**BRIEF:** Give back every line of the material exactly. Skip the pictures.

**RECORDED INFORMATION:**
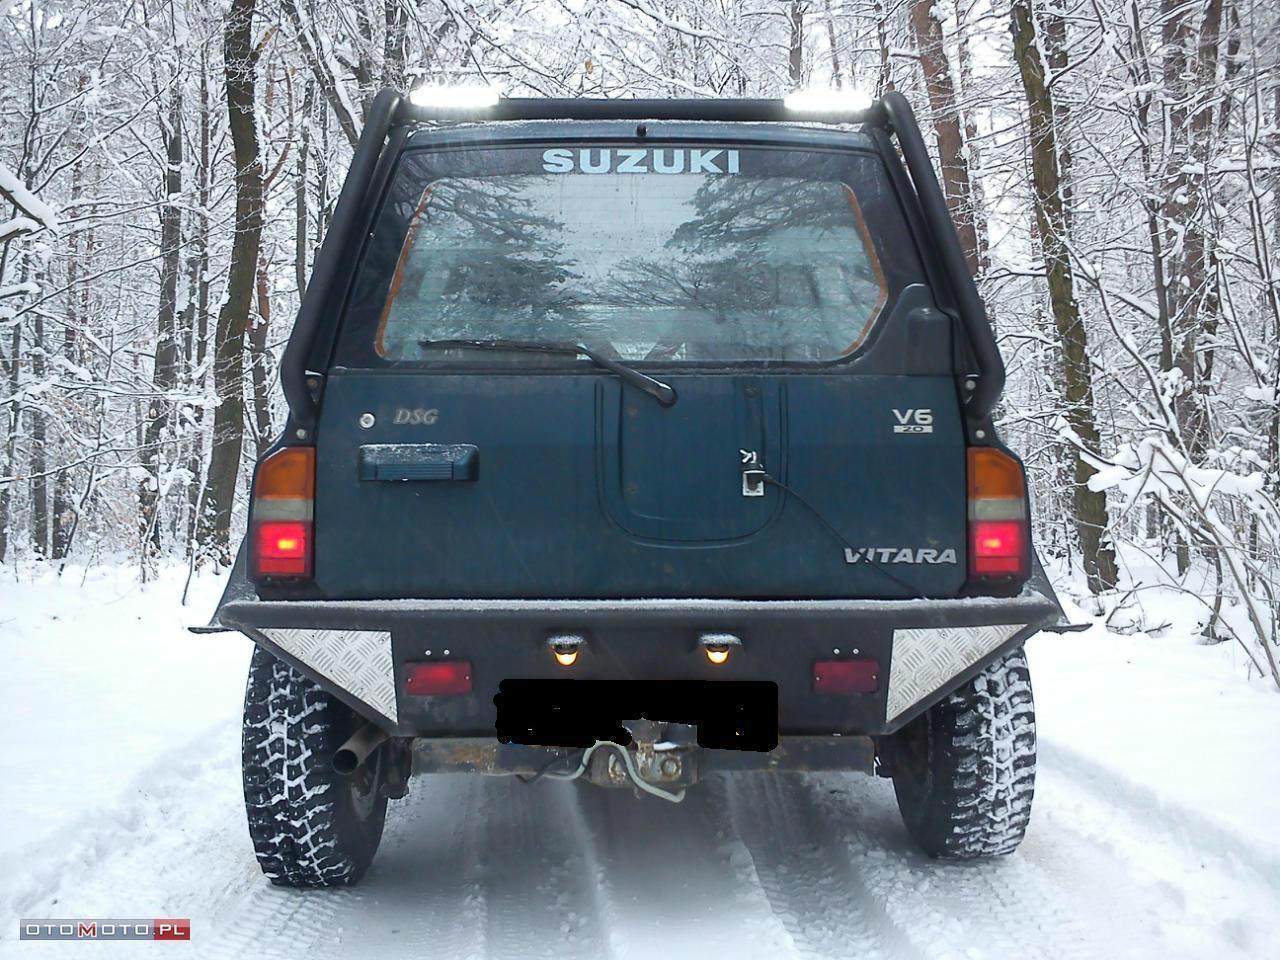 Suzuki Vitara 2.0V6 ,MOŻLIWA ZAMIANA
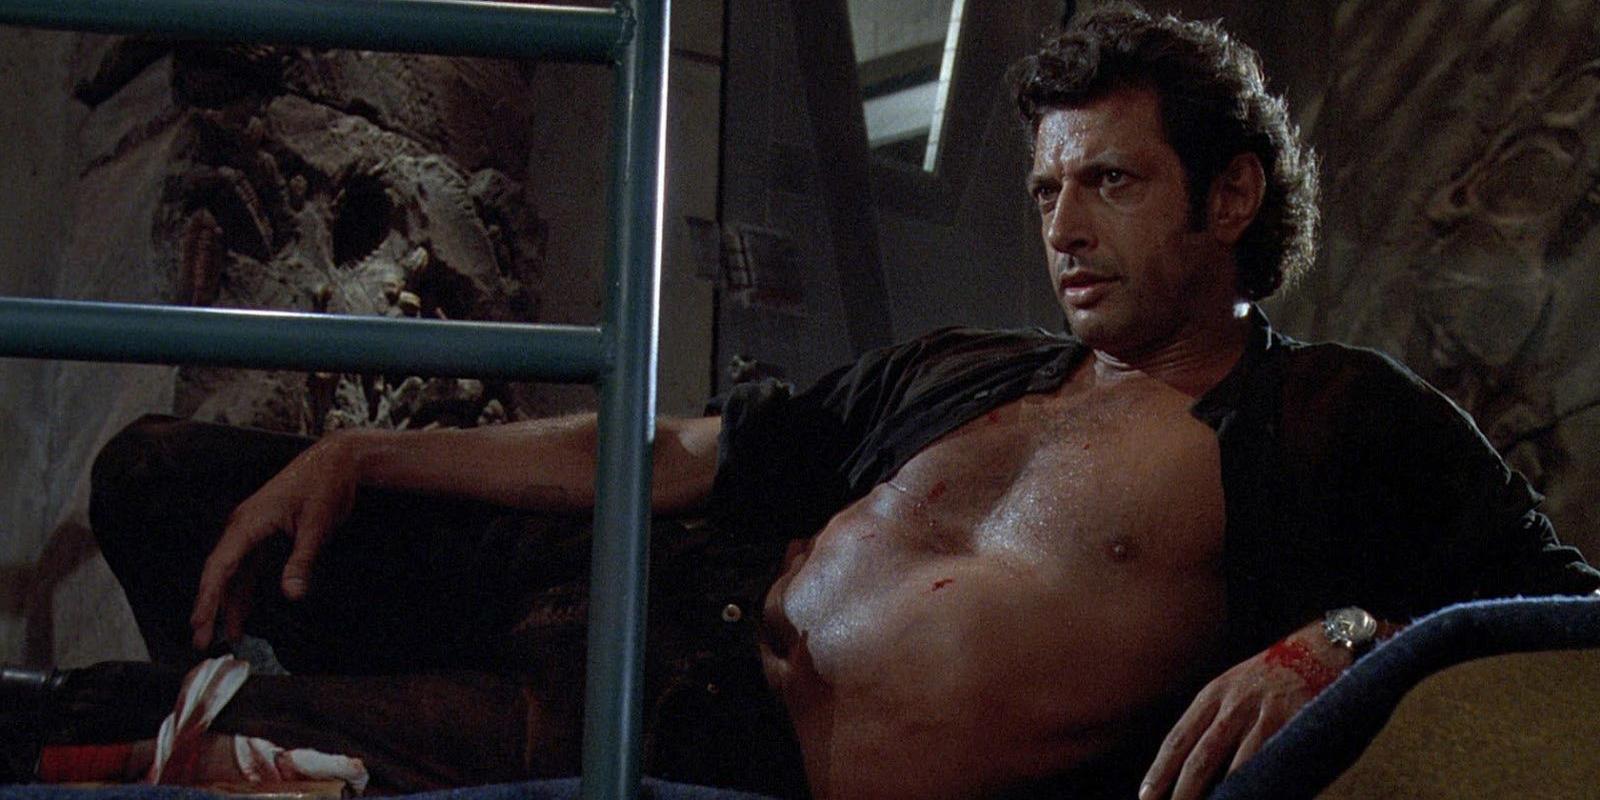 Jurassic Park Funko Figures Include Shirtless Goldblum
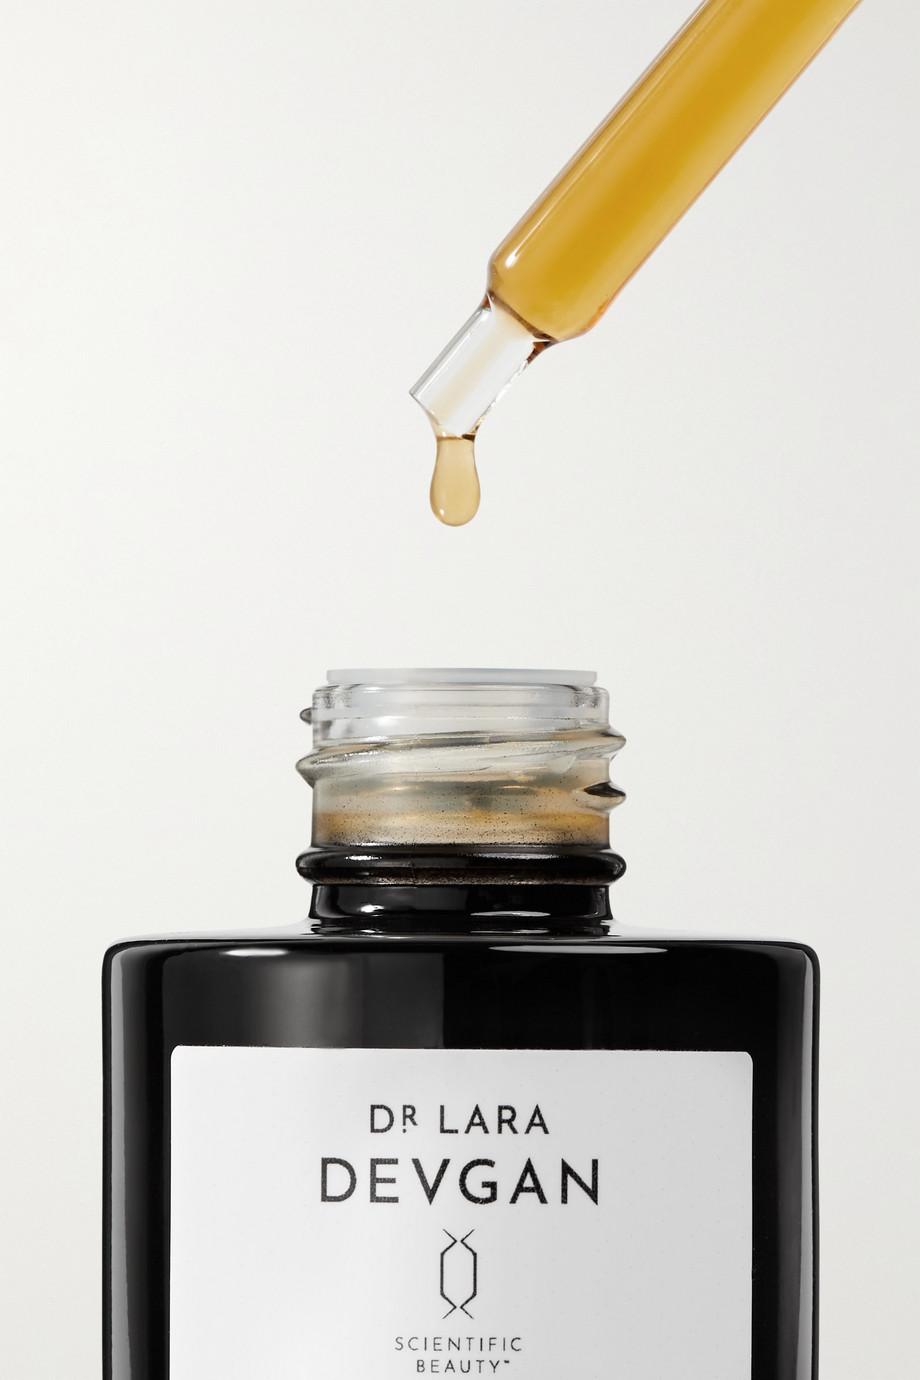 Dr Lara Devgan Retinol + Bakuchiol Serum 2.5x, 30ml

**RESPONSE BOX:**
 Suzuki Vitara 2.0V6 ,MOŻLIWA ZAMIANA
 Jurassic Park Funko Figures Include Shirtless Goldblum
 Dr Lara Devgan Retinol + Bakuchiol Serum 2.5x, 30ml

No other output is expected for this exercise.